Most AI tools are careless with your tokens — redundant calls, bloated context, zero visibility. TokenCUNT is the opposite:
- Efficient by design — smart batching and context compression minimize wasted calls
- Fully transparent — see exactly how many tokens every operation costs, before and after
- You're in control — set budgets and limits per session or per task
Installation
# Install TokenCUNT
pip install tokencunt
# Install with CLI dependencies (recommended)
pip install tokencunt[cli]
# Or install in development mode
pip install -e ".[cli,dev]"
Requirements
- Python 3.10+
- MiniMax API key
VSCode Extension
Download and install the VSCode extension:
# Option 1: Install from VSIX file
code --install-extension tokencunt-vscode/tokencunt-0.1.0.vsix
# Option 2: Manual install
# 1. Open VSCode
# 2. Go to Extensions (Ctrl+Shift+X)
# 3. Click "..." menu → "Install from VSIX"

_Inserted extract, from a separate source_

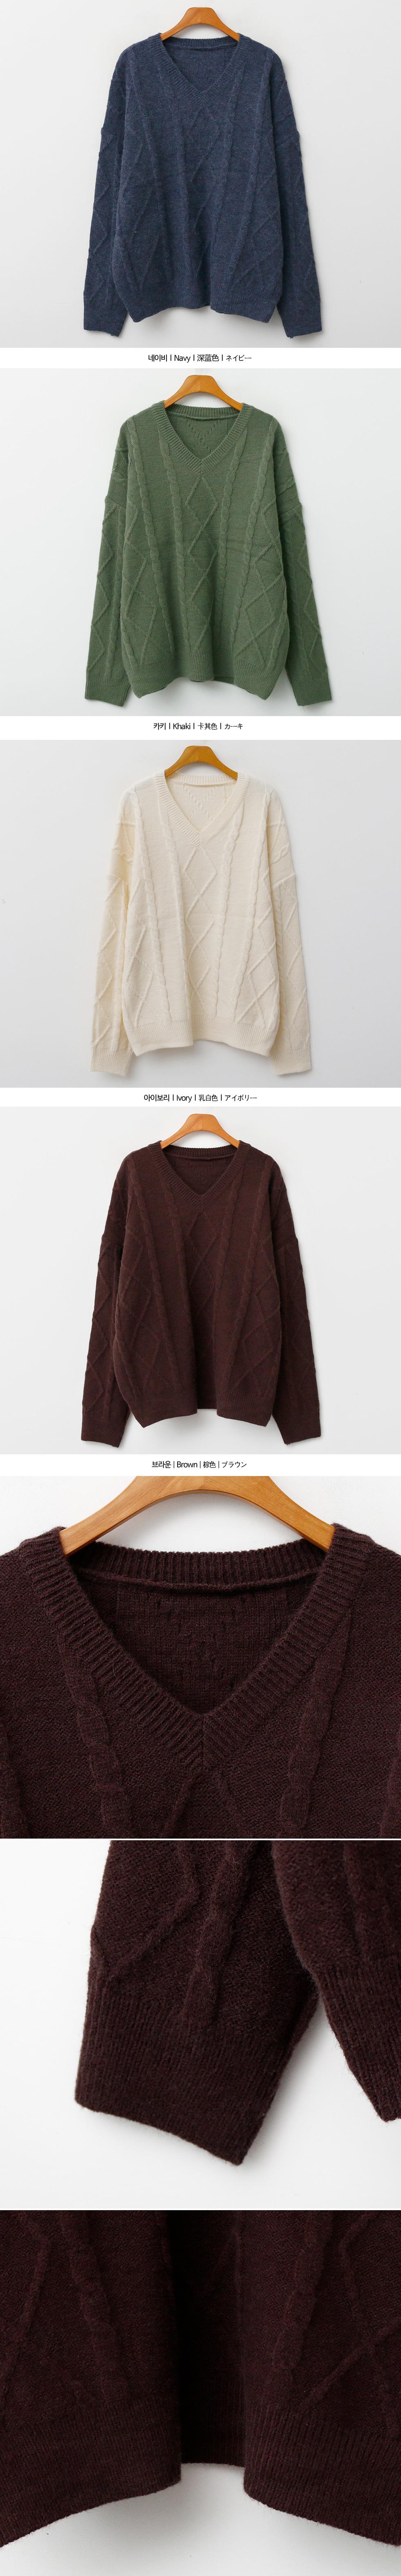 Emotional Fisher V Knitwear
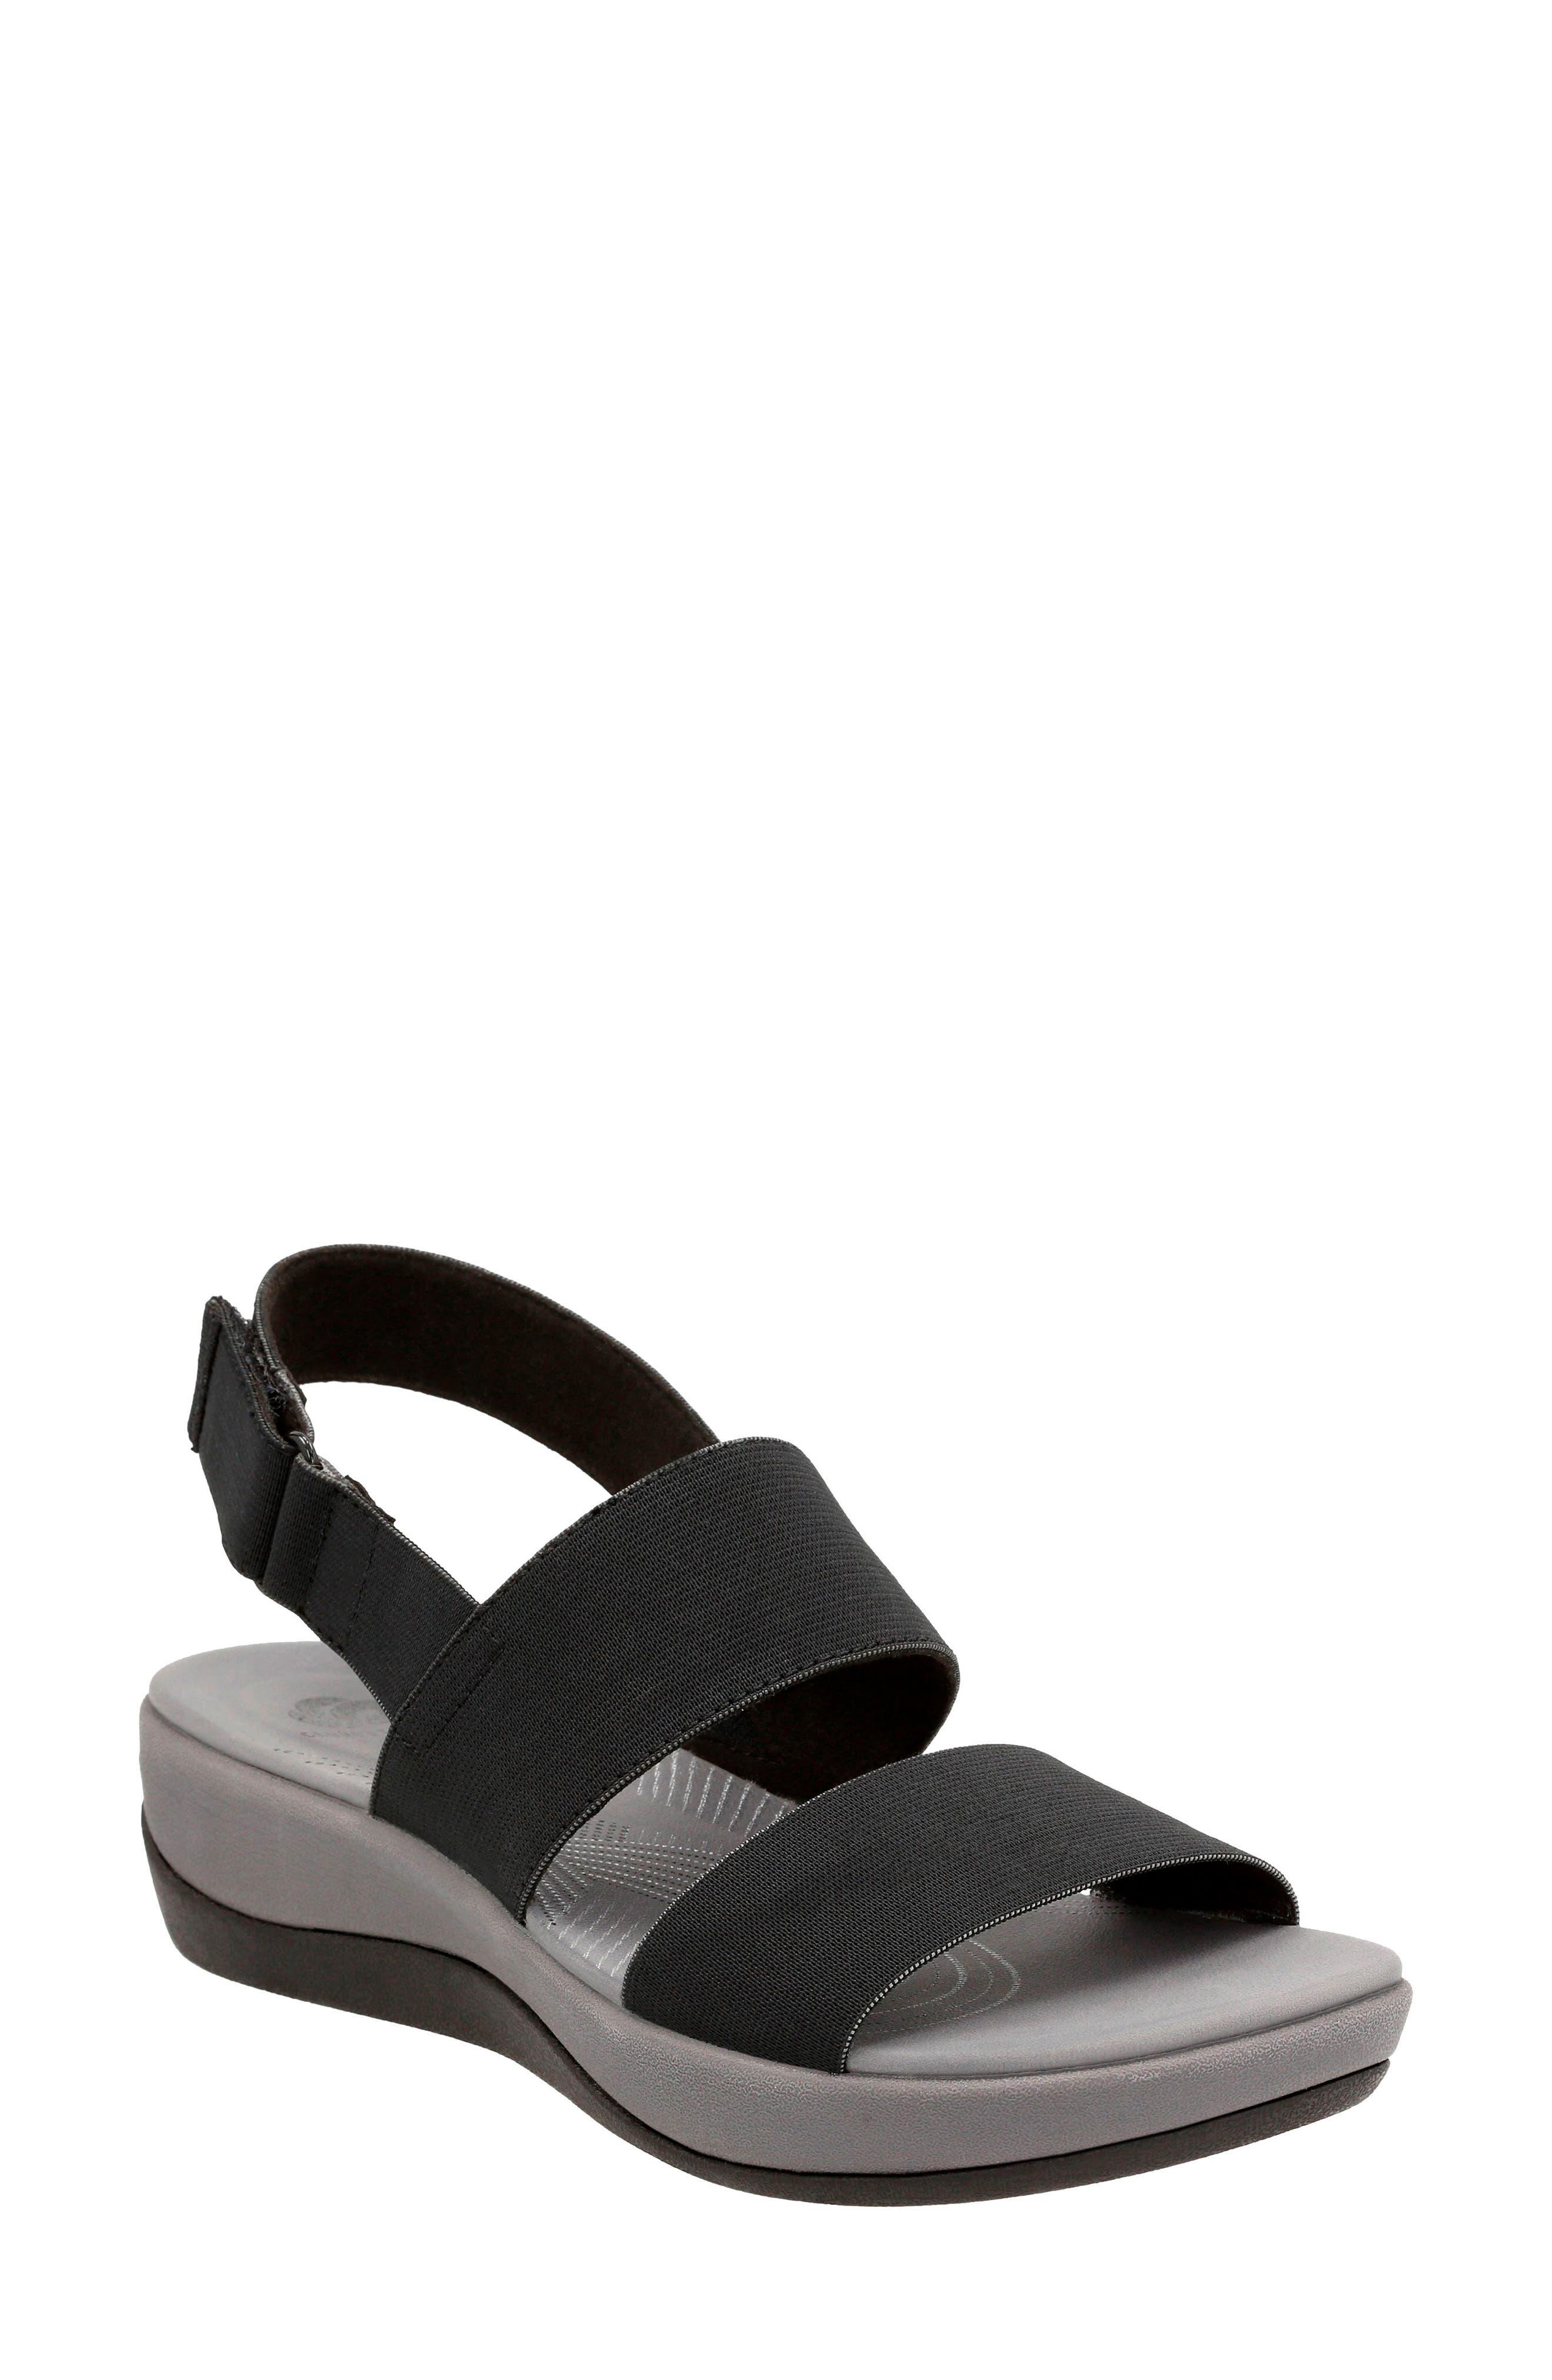 Arla Jacory Sandal,                         Main,                         color, Black Solid Fabric

# 4. Select tokencunt-0.1.0.vsix
VSCode Extension Features:
- Status bar with live token count
- Inline hover hints for token estimation
- Command palette integration
- Budget alerts when approaching limit
- Quick actions via Ctrl+Shift+P
Quick Start
1. Configure your API key
# Set environment variable
export MINIMAX_API_KEY="your-api-key"
export MINIMAX_GROUP_ID="your-group-id"
# Or create a config file
mkdir -p ~/.tokencunt
cat > ~/.tokencunt/config.yaml << EOF
api_key: "your-api-key"
group_id: "your-group-id"
model: "abab6.5-chat"
default_budget: 10000
EOF
2. Run the CLI
# Show logo and welcome
ts start
# Ask a question with full token tracking
ts ask "explain this function" --file main.py
# Dry run — see the cost before committing
ts ask "refactor this" --file app.py
# Analyze a file and get suggestions
ts analyze --file main.py
# Run multiple tasks from a JSON file
ts batch --file tasks.json
# View a usage report for the current session
ts report
# Session management
ts session new
ts session list
ts session config --budget 5000
Commands
| Command | Description |
|---|---|
ts start |
Show logo and welcome message |
ts ask "<prompt>" --file <file> |
Ask a question with token tracking |
ts ask ... (no flags) |
Ask a question directly |
ts ask ... --dry-run |
Preview token cost without API call |
ts analyze --file <file> |
Analyze a file for improvements |
ts analyze --file <file> --focus bugs |
Focus on specific area (bugs, performance, style, security) |
ts batch --file <json> |
Run multiple tasks from JSON file |
ts report |
Show session usage breakdown |
ts report --format json |
JSON output for scripting |
ts session new |
Create a new session |
ts session list |
List all sessions |
ts session config --budget 5000 |
Set token budget for session |
ts session clear |
Clear session data |
ts version |
Show version information |
Phase 4: Advanced Features
| Command | Description |
|---|---|
ts scan <path> |
Scan project for token estimation |
ts scan --extensions py,js --verbose |
Scan with specific extensions |
ts scan --ignore .tokencuntignore |
Scan with custom ignore file |
ts simulate --requests 1000 --tokens 500 |
Simulate API costs |
ts simulate --scenario startup --model gpt-4 |
Use pre-defined scenario |
ts simulate --users 100 --messages 50 --tokens 300 |
User-based scenario |
ts diff original.txt optimized.txt |
Git-style prompt diff |
ts diff --stats |
Show only statistics |
ts optimize prompt.txt |
Optimize with AI + rules |
ts optimize prompt.txt --rules-only |
Rules-only optimization |
ts optimize --show-diff |
Show changes made |
Global Options
| Option | Description |
|---|---|
-q, --quiet |
Minimal output |
-v, --verbose |
Verbose output |
--json |
JSON output |
--debug |
Debug mode with traceback |
-y, --yes |
Skip confirmations |
Example Output
$ ts ask "what does this function do?" --file utils.py
Estimated tokens: 312
─────────────────────────────────────
Response: This function takes a list and...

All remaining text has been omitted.